Records excerpted from a collection
◇ ◇ ◇ ◇

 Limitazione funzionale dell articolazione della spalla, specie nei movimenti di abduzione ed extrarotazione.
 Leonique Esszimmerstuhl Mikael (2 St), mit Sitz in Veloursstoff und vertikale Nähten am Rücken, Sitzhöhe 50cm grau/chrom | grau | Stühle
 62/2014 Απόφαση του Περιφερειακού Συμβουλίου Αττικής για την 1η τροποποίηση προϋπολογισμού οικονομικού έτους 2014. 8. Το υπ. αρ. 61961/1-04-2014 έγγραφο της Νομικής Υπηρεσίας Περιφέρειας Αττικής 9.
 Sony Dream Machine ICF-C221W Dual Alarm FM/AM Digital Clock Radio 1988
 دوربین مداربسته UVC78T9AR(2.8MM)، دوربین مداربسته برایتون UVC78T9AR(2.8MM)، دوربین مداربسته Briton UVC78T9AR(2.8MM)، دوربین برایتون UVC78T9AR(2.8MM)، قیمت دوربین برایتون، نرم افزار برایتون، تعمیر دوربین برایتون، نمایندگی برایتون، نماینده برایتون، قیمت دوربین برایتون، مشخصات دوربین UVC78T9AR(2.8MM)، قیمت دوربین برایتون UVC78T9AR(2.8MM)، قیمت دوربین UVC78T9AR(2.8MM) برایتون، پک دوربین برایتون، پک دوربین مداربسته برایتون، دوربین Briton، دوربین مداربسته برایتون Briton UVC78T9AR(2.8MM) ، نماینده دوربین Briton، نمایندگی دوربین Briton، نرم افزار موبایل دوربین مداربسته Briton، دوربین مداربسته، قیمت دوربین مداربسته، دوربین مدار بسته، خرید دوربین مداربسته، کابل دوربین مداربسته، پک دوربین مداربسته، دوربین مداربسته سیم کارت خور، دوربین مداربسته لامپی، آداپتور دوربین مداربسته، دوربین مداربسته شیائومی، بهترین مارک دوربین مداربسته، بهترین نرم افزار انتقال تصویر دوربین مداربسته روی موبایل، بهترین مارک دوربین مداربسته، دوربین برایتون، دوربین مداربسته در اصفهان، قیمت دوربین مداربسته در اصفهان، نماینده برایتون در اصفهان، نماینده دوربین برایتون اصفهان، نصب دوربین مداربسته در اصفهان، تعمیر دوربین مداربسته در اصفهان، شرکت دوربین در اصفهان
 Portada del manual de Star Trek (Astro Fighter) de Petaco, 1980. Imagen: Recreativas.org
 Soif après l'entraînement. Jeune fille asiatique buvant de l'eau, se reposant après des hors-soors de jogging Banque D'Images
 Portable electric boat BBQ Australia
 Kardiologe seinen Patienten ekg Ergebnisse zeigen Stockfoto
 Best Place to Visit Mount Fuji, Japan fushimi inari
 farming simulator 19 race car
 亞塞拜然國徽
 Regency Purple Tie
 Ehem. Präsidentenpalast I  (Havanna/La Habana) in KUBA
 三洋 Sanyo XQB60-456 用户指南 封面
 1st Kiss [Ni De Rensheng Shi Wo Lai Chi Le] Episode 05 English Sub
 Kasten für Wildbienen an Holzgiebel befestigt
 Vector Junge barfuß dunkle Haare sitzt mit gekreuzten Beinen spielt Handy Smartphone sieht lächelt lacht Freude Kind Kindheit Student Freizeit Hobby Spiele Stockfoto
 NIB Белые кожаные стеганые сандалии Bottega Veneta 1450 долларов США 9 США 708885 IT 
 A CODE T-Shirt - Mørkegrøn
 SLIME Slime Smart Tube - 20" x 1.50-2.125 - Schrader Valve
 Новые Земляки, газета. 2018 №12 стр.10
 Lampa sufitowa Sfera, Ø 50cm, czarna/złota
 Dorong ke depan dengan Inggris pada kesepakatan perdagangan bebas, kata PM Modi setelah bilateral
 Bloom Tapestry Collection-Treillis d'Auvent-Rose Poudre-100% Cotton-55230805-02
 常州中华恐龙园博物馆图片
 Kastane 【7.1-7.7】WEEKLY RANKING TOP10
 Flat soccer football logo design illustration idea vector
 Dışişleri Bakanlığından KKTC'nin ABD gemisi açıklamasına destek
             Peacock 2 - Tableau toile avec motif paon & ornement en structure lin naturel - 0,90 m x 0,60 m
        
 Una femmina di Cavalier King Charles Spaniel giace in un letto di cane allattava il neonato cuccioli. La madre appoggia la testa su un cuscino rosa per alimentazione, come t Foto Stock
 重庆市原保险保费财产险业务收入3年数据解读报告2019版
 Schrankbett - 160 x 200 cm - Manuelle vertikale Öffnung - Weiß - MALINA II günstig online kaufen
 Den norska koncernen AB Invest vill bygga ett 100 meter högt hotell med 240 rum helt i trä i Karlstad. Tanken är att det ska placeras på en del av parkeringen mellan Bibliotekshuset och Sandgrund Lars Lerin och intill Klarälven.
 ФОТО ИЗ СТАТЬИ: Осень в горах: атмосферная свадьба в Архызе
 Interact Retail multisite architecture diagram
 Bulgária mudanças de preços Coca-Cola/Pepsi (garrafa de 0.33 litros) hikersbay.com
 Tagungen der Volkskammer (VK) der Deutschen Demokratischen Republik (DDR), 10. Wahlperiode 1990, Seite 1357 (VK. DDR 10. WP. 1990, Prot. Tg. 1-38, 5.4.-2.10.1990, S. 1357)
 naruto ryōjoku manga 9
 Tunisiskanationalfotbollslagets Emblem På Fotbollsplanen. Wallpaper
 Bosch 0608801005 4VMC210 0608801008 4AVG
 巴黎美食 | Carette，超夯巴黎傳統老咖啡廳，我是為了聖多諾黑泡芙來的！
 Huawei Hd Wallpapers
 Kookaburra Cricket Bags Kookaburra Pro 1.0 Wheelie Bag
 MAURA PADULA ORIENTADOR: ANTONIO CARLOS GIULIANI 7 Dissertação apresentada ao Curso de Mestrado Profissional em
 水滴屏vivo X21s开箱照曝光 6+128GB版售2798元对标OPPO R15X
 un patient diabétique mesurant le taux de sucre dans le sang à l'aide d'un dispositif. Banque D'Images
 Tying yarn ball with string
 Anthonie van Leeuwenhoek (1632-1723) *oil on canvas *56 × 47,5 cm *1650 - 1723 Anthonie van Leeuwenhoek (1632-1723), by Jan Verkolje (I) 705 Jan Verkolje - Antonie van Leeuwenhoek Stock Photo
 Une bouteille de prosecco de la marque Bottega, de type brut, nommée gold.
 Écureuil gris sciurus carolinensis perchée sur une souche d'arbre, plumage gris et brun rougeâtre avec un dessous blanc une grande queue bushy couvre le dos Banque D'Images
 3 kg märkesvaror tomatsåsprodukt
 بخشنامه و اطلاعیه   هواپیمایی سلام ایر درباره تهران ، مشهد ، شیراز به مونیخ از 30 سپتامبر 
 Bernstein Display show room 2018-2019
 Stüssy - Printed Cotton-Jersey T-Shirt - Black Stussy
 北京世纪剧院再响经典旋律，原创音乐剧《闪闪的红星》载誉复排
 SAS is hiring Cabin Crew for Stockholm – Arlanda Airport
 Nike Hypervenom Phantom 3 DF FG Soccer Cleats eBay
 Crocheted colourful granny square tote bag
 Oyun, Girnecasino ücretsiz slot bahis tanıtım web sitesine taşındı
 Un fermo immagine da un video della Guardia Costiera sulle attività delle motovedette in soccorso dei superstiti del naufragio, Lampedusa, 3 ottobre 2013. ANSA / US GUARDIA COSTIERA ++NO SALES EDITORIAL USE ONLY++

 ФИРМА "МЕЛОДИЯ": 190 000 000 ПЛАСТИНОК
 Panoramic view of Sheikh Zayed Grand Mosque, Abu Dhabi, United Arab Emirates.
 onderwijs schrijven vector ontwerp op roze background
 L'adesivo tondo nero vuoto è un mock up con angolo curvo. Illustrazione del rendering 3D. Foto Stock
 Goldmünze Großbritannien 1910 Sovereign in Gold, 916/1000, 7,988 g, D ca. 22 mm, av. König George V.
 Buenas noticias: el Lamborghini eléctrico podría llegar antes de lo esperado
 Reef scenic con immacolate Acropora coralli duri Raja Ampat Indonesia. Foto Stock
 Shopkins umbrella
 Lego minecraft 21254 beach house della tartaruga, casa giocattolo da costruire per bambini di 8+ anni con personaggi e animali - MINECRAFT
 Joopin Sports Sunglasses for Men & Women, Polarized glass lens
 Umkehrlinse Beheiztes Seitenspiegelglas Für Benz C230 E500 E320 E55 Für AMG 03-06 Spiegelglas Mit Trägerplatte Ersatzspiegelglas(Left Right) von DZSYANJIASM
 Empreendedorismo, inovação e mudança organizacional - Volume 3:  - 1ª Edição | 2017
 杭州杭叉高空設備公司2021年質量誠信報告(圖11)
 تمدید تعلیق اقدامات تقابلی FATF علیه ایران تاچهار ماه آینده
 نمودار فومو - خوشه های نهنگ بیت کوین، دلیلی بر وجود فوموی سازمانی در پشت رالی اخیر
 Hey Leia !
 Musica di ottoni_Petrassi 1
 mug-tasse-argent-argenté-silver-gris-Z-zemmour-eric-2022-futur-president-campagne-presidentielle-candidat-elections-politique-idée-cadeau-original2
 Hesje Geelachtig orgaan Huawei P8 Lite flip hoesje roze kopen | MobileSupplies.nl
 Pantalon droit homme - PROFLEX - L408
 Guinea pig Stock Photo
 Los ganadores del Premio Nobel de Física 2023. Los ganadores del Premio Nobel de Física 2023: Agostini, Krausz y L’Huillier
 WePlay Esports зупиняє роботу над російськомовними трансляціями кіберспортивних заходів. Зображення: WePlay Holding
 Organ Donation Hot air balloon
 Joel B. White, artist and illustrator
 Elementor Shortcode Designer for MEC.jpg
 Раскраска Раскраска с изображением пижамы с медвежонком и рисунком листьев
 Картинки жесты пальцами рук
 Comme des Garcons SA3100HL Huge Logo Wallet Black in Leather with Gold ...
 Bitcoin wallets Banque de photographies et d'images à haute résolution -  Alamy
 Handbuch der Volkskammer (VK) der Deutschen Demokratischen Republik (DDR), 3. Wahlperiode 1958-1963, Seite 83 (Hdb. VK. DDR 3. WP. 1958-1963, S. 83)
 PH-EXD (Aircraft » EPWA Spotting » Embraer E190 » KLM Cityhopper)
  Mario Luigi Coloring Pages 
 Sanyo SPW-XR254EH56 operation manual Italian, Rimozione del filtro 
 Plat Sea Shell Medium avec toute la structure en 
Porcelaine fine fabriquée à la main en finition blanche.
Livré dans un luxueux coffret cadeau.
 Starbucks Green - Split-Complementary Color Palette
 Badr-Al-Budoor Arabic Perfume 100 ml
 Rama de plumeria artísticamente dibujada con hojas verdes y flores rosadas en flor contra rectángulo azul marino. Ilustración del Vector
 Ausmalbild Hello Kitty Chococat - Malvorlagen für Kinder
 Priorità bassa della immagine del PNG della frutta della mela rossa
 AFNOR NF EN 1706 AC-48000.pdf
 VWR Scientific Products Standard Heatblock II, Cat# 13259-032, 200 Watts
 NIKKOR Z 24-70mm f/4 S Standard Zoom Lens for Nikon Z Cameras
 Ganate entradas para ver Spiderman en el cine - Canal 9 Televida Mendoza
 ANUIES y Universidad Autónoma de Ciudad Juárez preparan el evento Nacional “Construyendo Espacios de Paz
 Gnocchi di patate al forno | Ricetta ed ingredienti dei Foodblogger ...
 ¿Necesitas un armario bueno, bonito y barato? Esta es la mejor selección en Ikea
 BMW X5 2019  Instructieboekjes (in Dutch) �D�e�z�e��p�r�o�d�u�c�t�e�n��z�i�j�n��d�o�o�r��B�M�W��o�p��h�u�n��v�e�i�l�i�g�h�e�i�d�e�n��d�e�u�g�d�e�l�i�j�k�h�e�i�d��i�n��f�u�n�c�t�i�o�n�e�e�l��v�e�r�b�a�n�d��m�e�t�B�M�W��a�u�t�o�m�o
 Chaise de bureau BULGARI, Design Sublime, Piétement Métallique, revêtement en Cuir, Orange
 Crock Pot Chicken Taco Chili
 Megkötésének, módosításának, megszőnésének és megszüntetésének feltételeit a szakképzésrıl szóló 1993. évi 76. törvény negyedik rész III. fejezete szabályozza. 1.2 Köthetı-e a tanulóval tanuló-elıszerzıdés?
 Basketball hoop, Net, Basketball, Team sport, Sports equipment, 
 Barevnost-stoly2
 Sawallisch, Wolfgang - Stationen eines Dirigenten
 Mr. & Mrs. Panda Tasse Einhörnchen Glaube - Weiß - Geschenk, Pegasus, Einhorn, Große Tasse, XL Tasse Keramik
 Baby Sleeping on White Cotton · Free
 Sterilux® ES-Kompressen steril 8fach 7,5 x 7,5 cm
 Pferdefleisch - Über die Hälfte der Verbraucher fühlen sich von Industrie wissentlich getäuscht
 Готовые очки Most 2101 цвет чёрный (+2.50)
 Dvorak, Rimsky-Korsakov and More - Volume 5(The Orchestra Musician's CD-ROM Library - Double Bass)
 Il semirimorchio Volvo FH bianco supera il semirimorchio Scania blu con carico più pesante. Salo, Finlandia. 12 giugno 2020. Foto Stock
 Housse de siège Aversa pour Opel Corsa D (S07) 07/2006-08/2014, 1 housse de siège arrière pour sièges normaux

◇ ◇ ◇ ◇

→ TASK STATEMENT:
In the records above, find each line with the string "structure" and list it.

→ SOLUTION TO THE EXERCISE:
             Peacock 2 - Tableau toile avec motif paon & ornement en structure lin naturel - 0,90 m x 0,60 m
 Plat Sea Shell Medium avec toute la structure en 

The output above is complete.